- Exercise directions -
Transcription, pictures excluded: write out the data below exactly.

- Raw data -
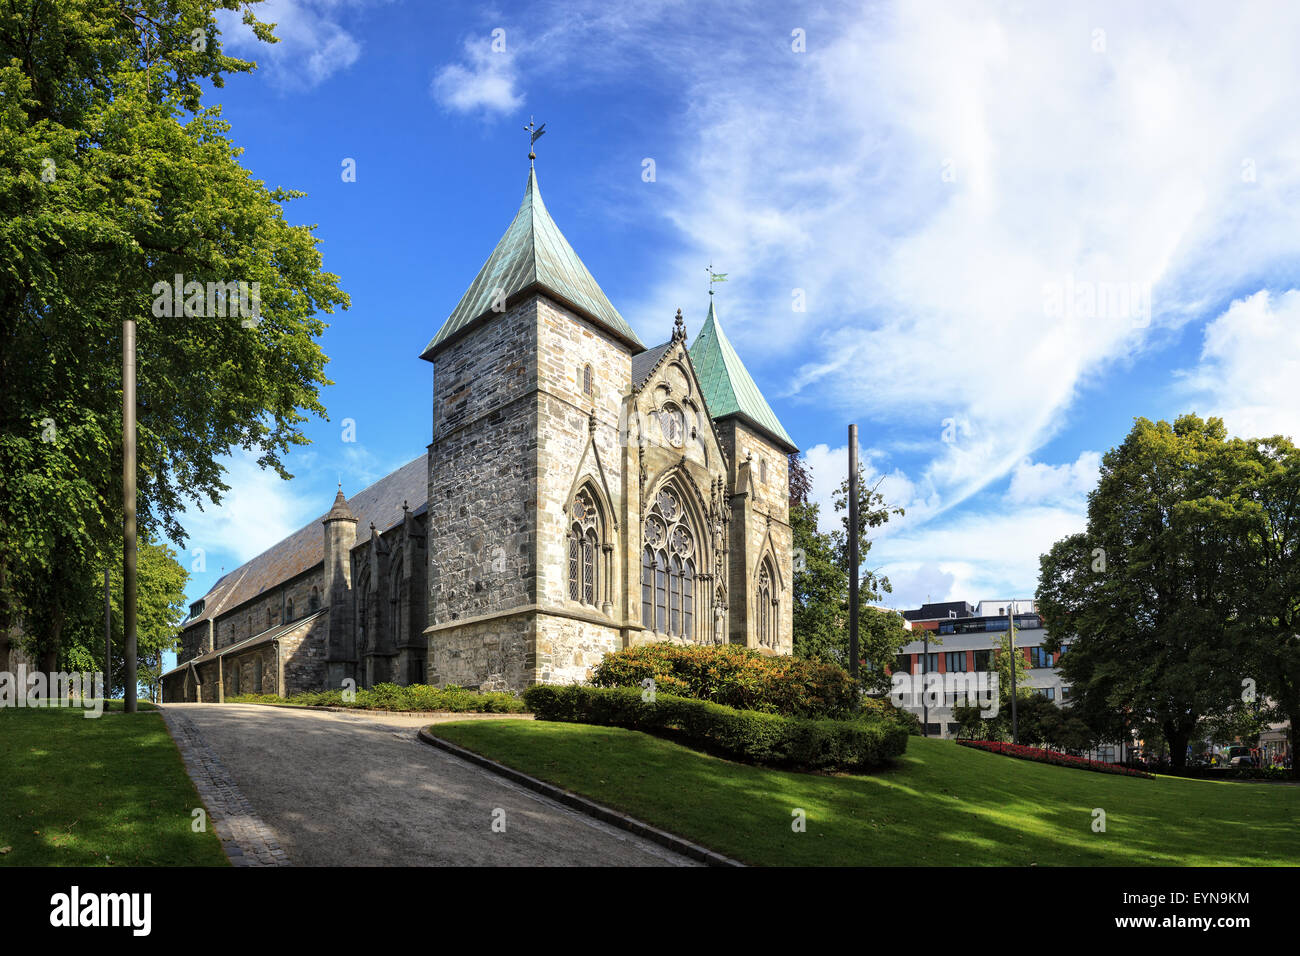 Famous Stavanger Domkirke one of the oldest churches in Norway. Stock Photo
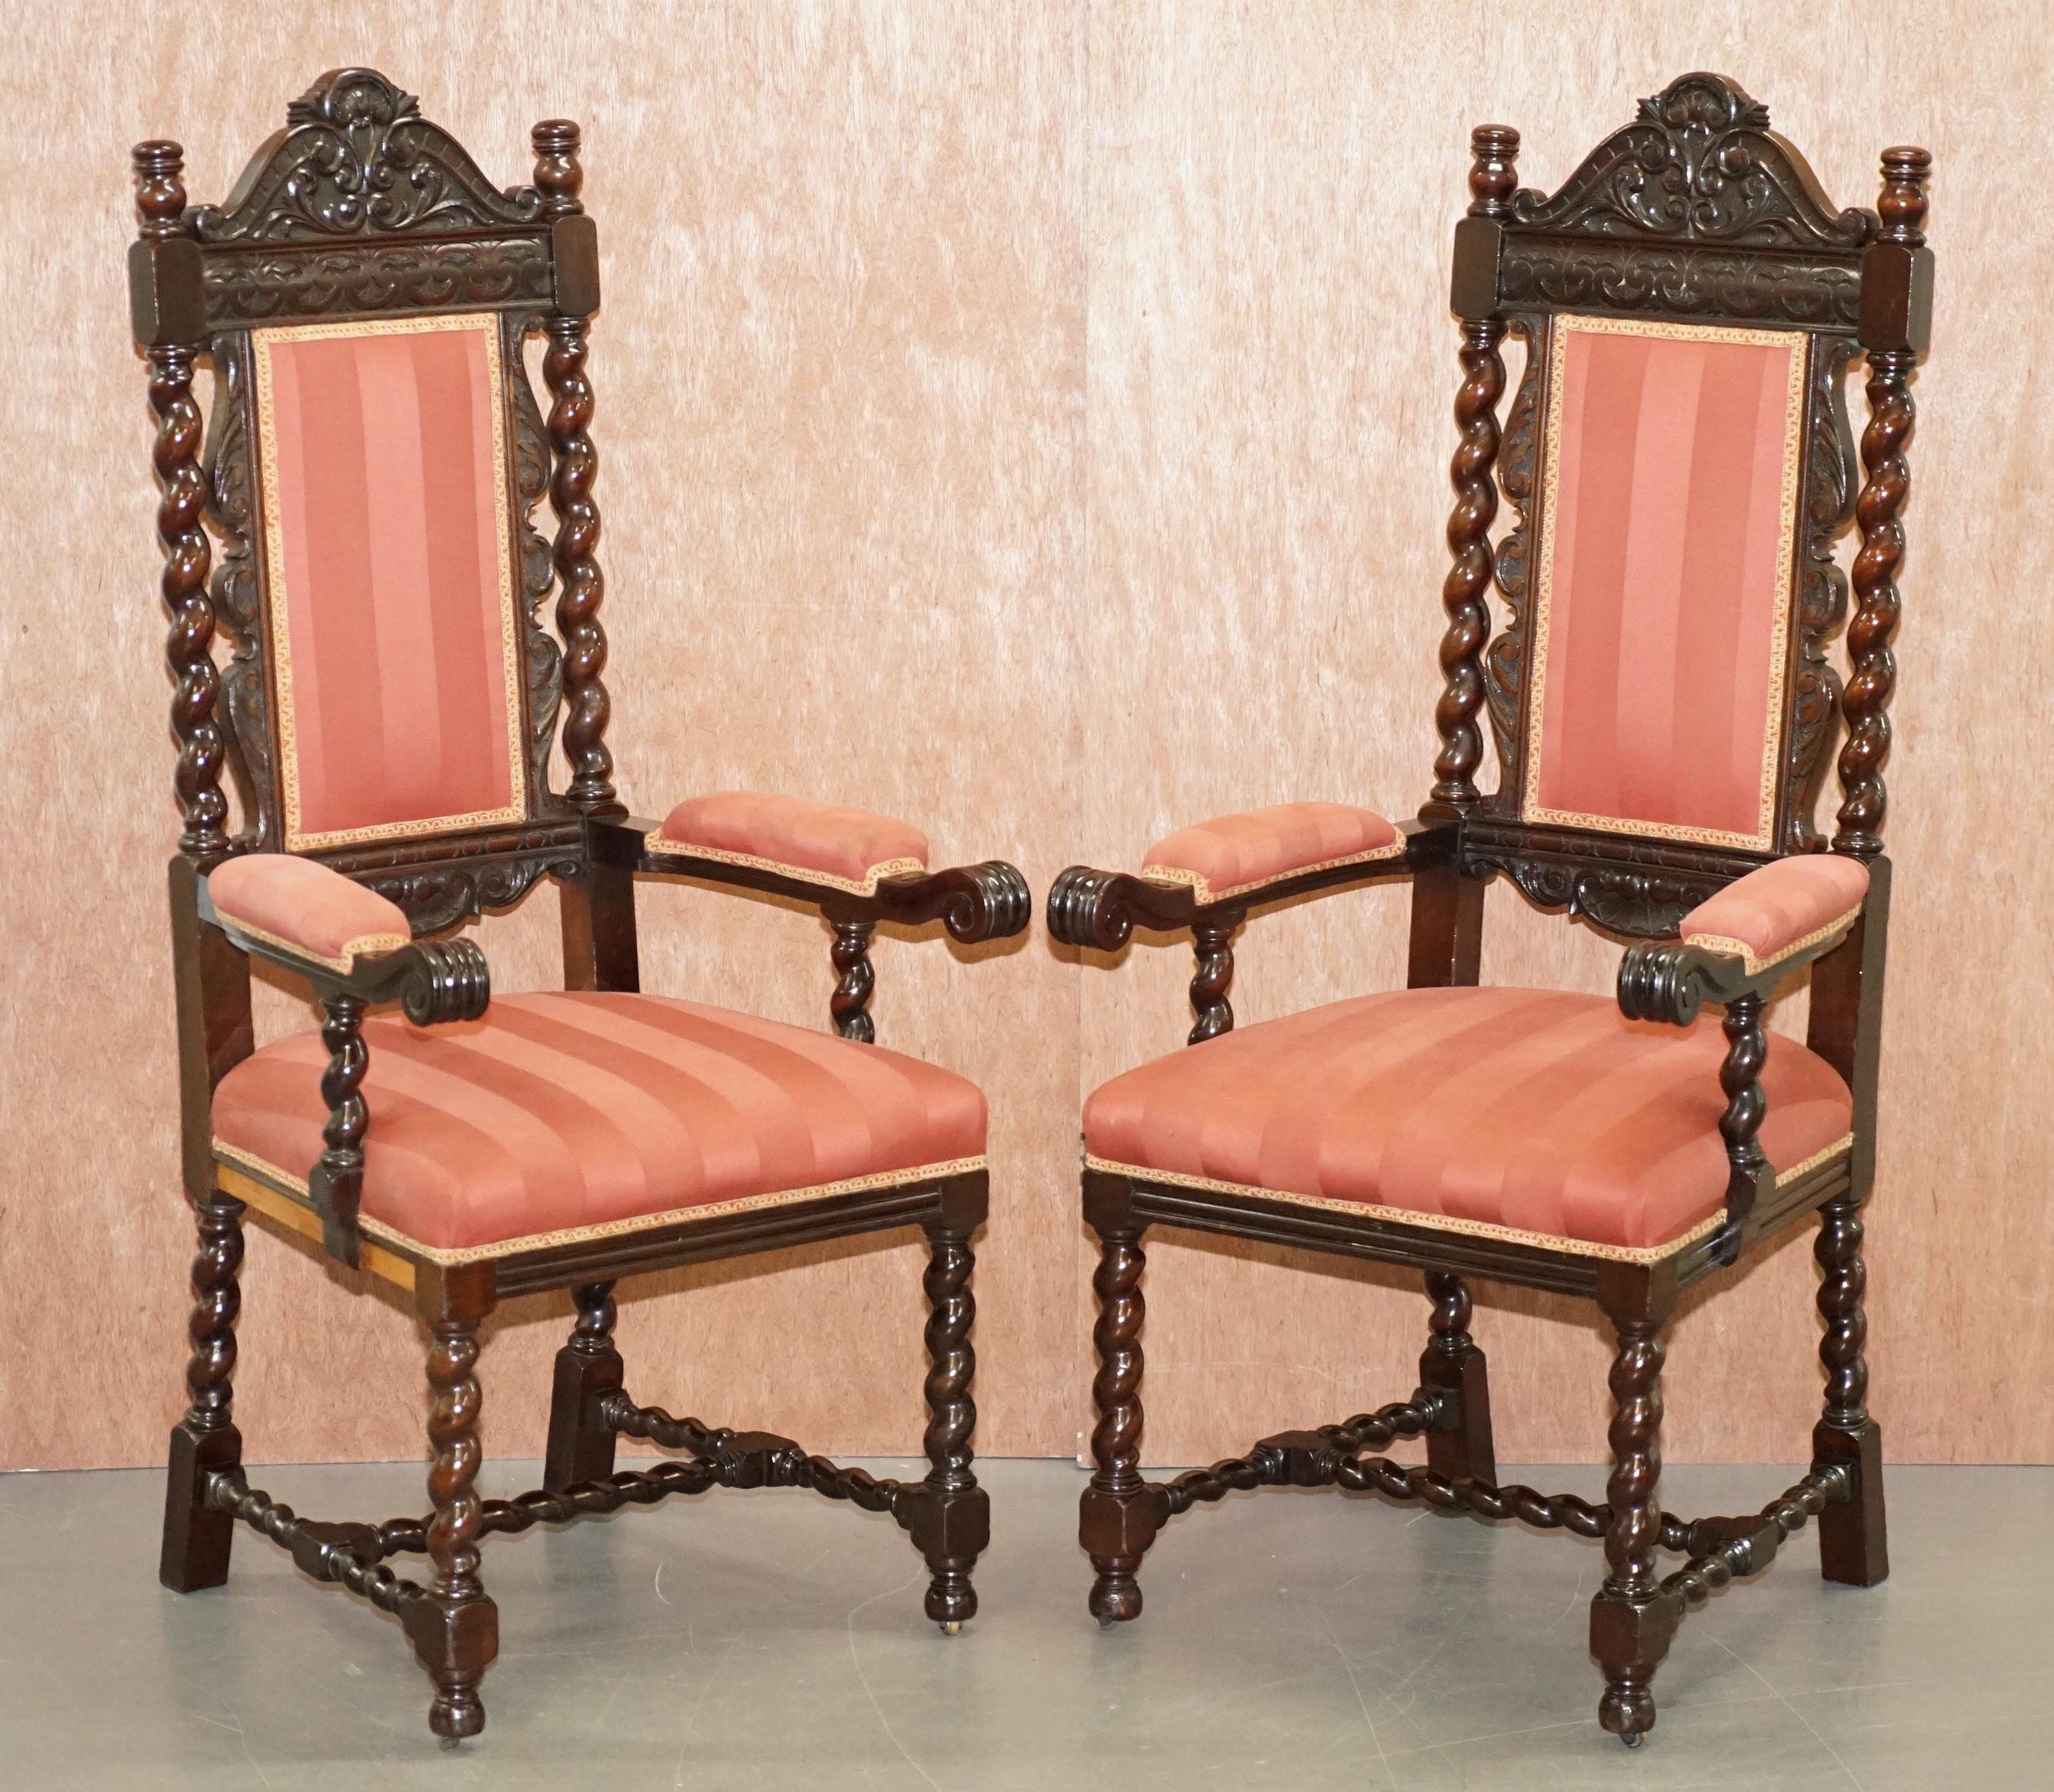 We are delighted to offer for sale this lovely suite of 10 original Victorian hand carved Gothic / Jacobean revival dining chairs

A very ornately carved suite of very grand dining chairs. The frames are barley twist all over, they each have the

- Exercise answer -
 Famous Stavanger Domkirke one of the oldest churches in Norway. Stock Photo
 We are delighted to offer for sale this lovely suite of 10 original Victorian hand carved Gothic / Jacobean revival dining chairs

A very ornately carved suite of very grand dining chairs. The frames are barley twist all over, they each have the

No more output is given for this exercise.